Listening on Morning Patient Rounds

I spoke with Pat Godbold about her morning Patient Rounds at McLeod Medical Center Darlington.  Pat is the Administrator for McLeod Darlington and McLeod Behavioral Health.  I thought her experience with a patient was interesting and her conversation instructive for all who serve in health care. Our patients want our time and attention and appreciate our respect for them as individuals.

“I visited with two patients on Thursday.  My conversation with the first included providing some words of care and comfort. We had a philosophical discussion regarding how and why things happen … and how our response to the circumstances of life can make the difference as to whether we use the experience negatively or positively.  The patient, a resident of a local community in the region, was involved in a traffic accident.  He fractured his hip which required surgery.  The recovery will include ‘non-weight bearing’ status for eight to twelve weeks. 

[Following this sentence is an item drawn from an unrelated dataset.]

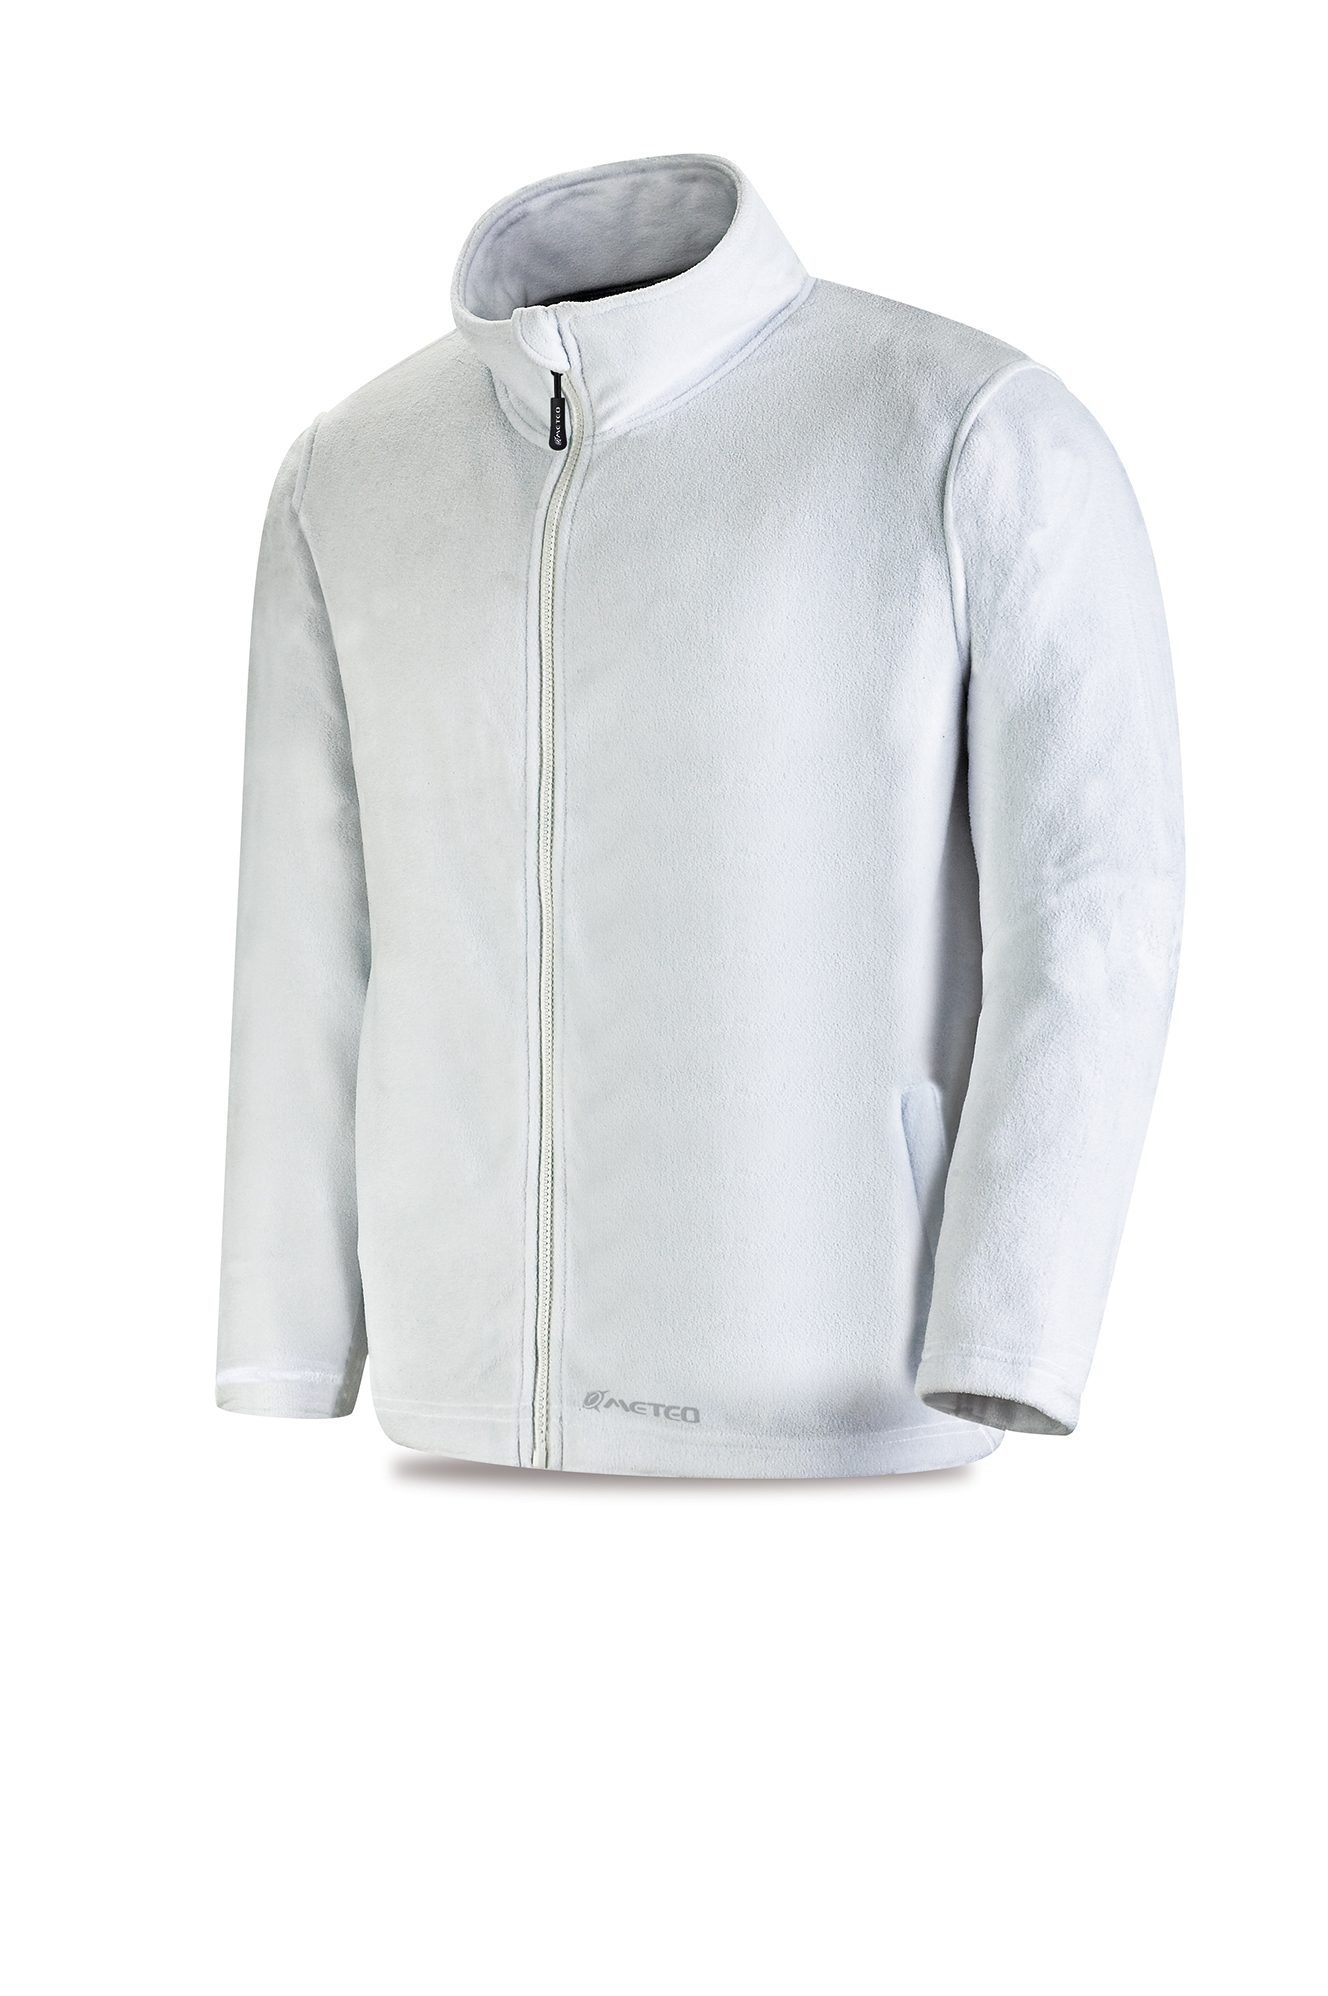 288-CHPB Coats and Rain Gear Solar Jackets QUETZAL model fleece jacket. White color.

While many of us would view this period of illness or time with anger, sadness or helplessness, he sees it differently.  He has chosen to view this time as an opportunity to do some of the things life seldom allows for us.  For example, reading many of the classic books, especially by American authors.  Books we might have read long ago and have forgotten the beauty and meaning in the author’s words.  During his eight to twelve weeks, he is working through Mark Twain, John Steinbeck and William Faulkner.  He is reconnecting with friends from long ago with whom he had lost contact.  He is writing letters to his young grandchildren – - letters they will be able to read when they are older, so they will know him better as a man.  As I left him, I could not help but wonder if I could accept the challenges he has faced with the courage and strength of character he showed today.  I can only hope.”

Every day our lives are touched by interesting people we meet in our health care facilities.  Each one has a unique and interesting view and we want to respect their needs.  Stopping long enough to listen and learn while we are caring for them often leads to our own improvement in knowledge and perspective.